--- AVAILABLE DATA Enclosed Below ---

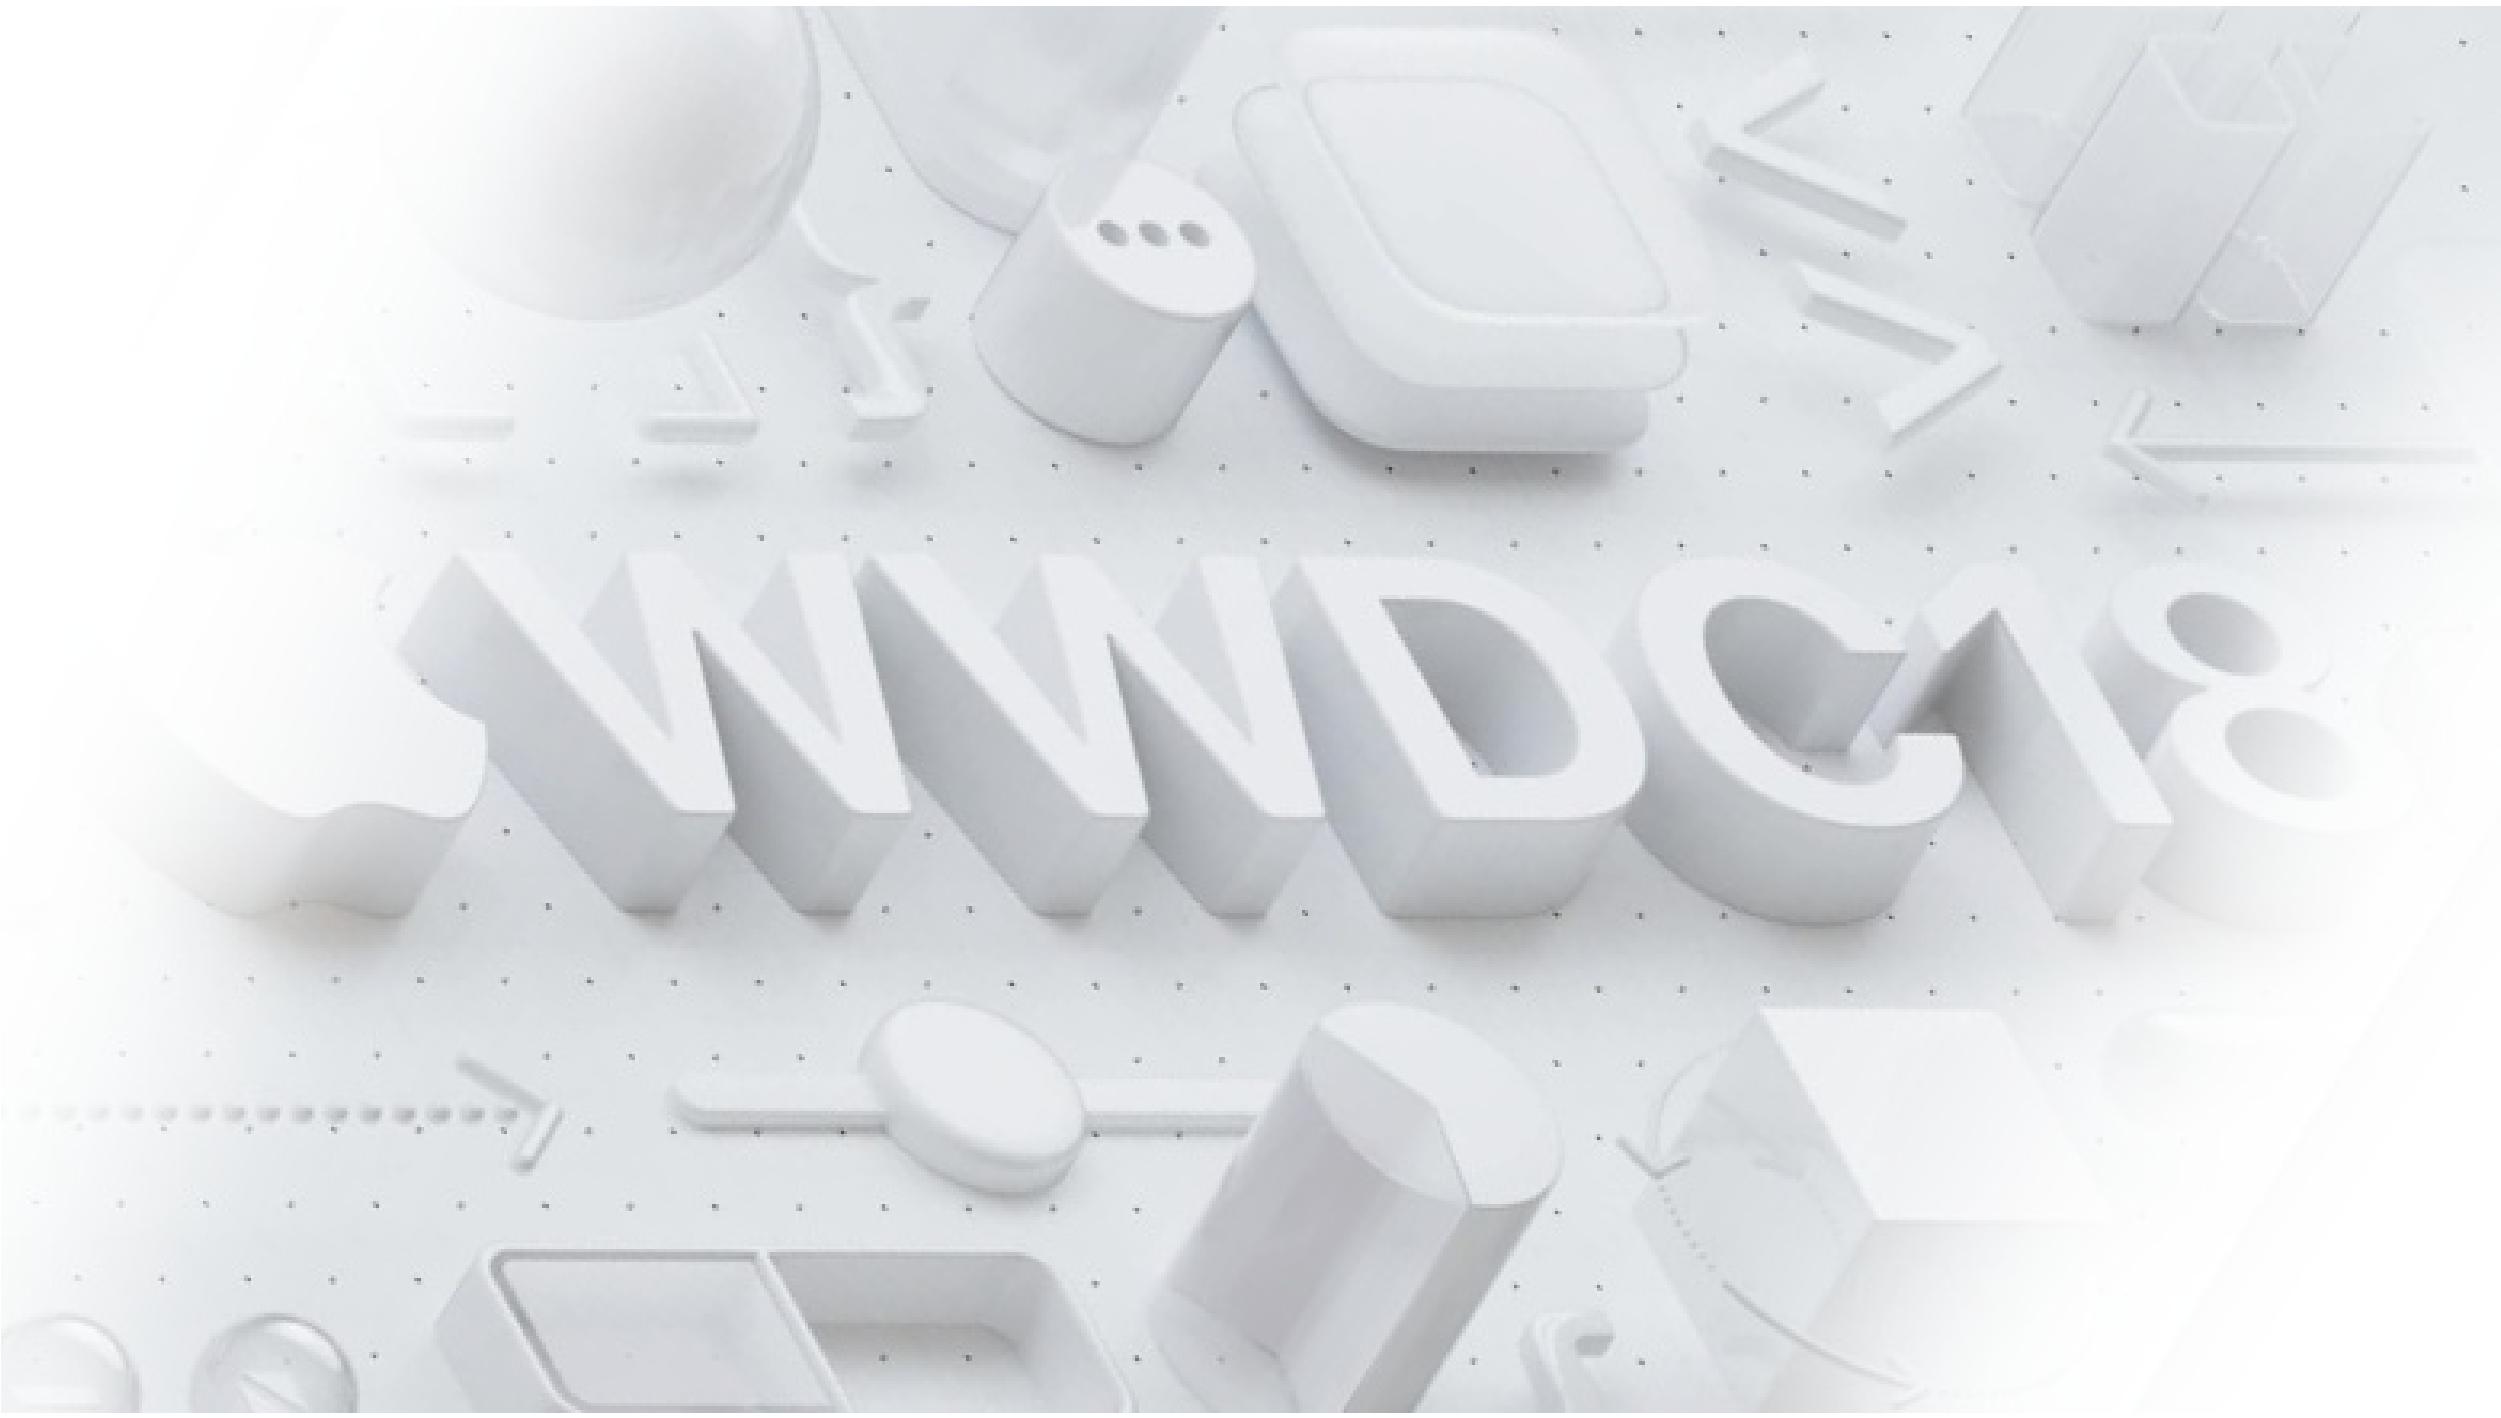 Просмотр WWDC 2018 в офисе Avito
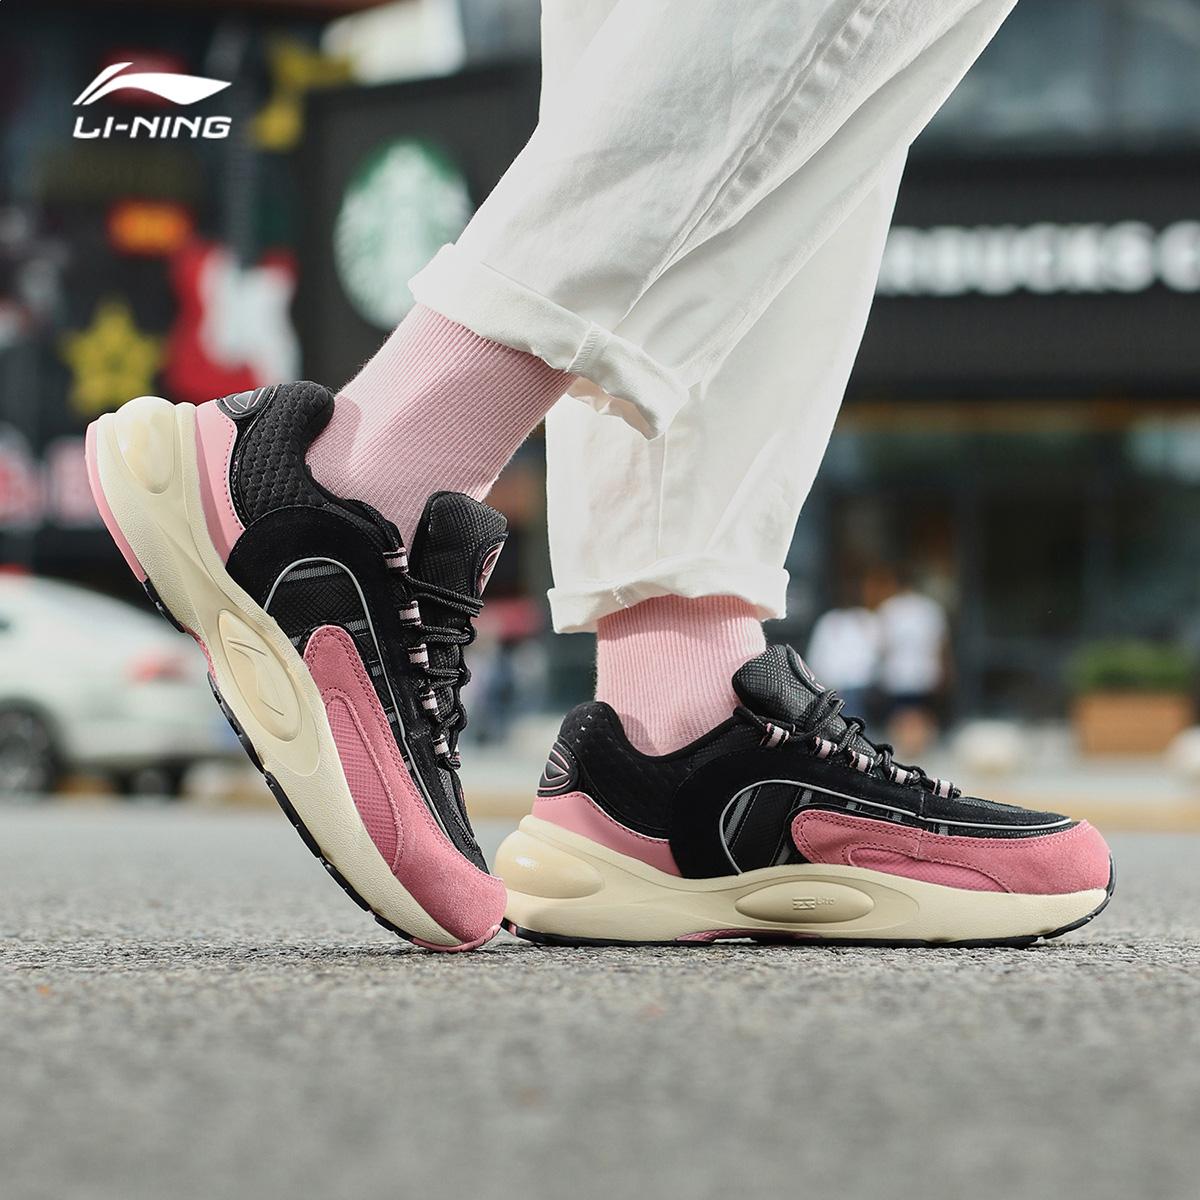 李宁跑步鞋女鞋2019新款V8减震轻质跑鞋休闲女士低帮运动鞋
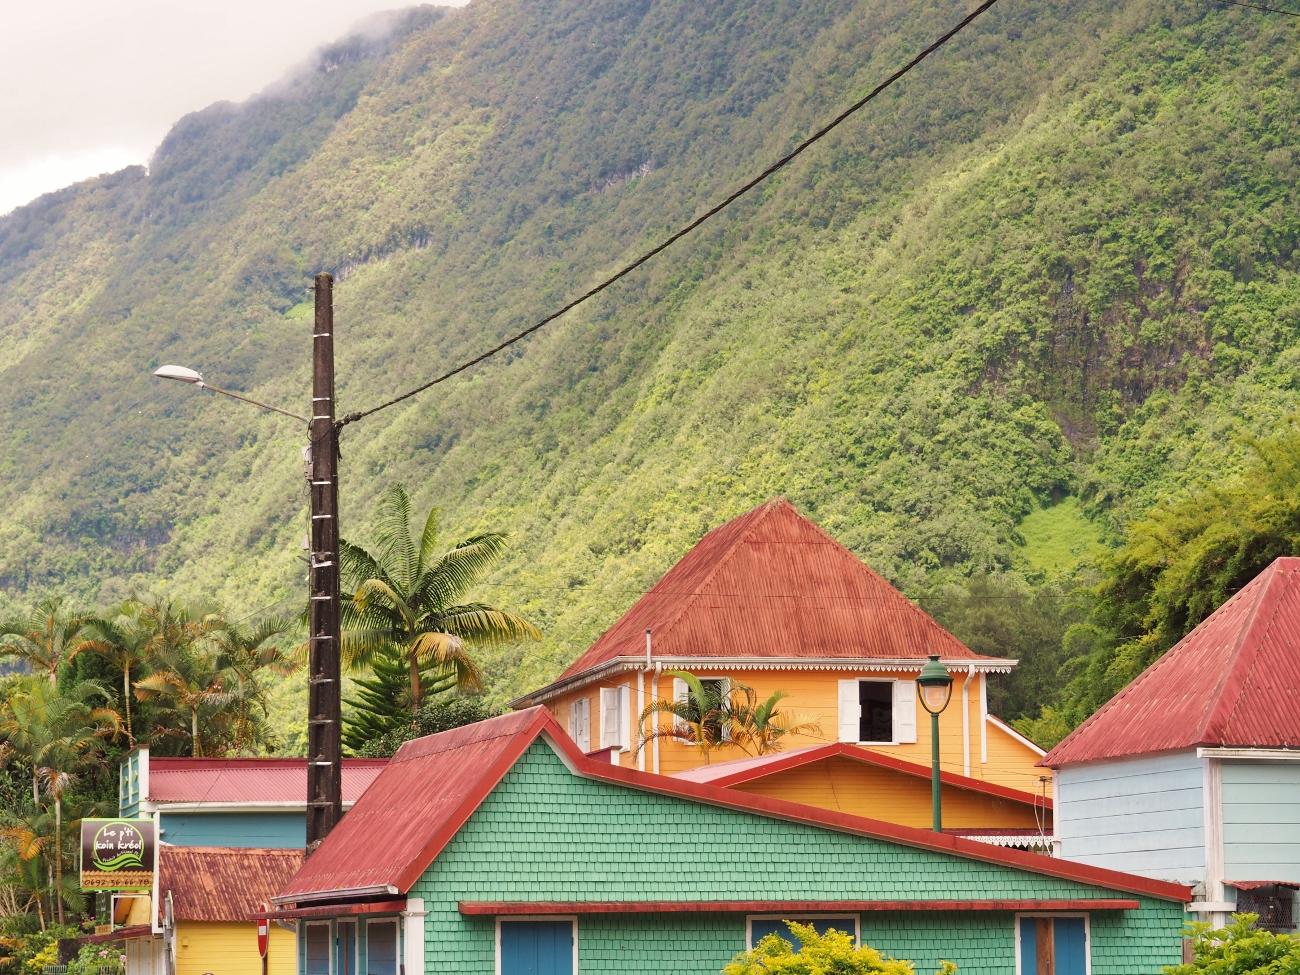 Les cases créoles du village Hell-Bourg
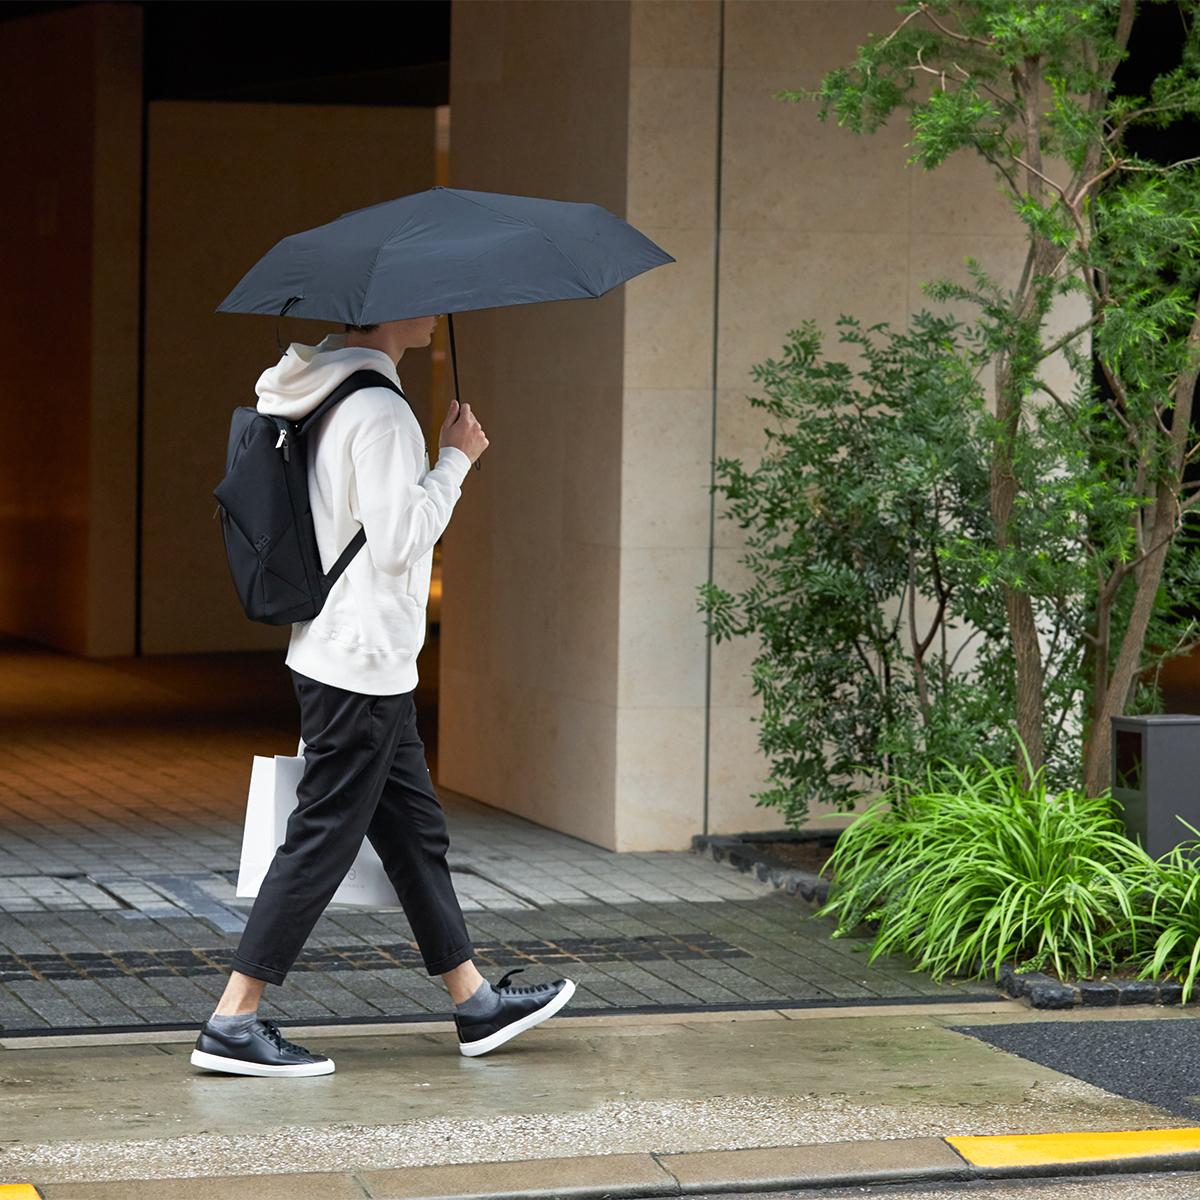 強風に耐え、開閉操作を繰り返しても壊れにくい。親指1本でカンタン開閉、なのに驚くほど軽い「ワンタッチ開閉式折りたたみ傘」|VERYKAL

--- End of Enclosed AVAILABLE DATA ---

### [WHAT THE EXERCISE ASKS]
Reproduce the material word for word, but without its images.

### [RESPONSE AREA]
 Просмотр WWDC 2018 в офисе Avito
 李宁跑步鞋女鞋2019新款V8减震轻质跑鞋休闲女士低帮运动鞋
 Les cases créoles du village Hell-Bourg
 強風に耐え、開閉操作を繰り返しても壊れにくい。親指1本でカンタン開閉、なのに驚くほど軽い「ワンタッチ開閉式折りたたみ傘」|VERYKAL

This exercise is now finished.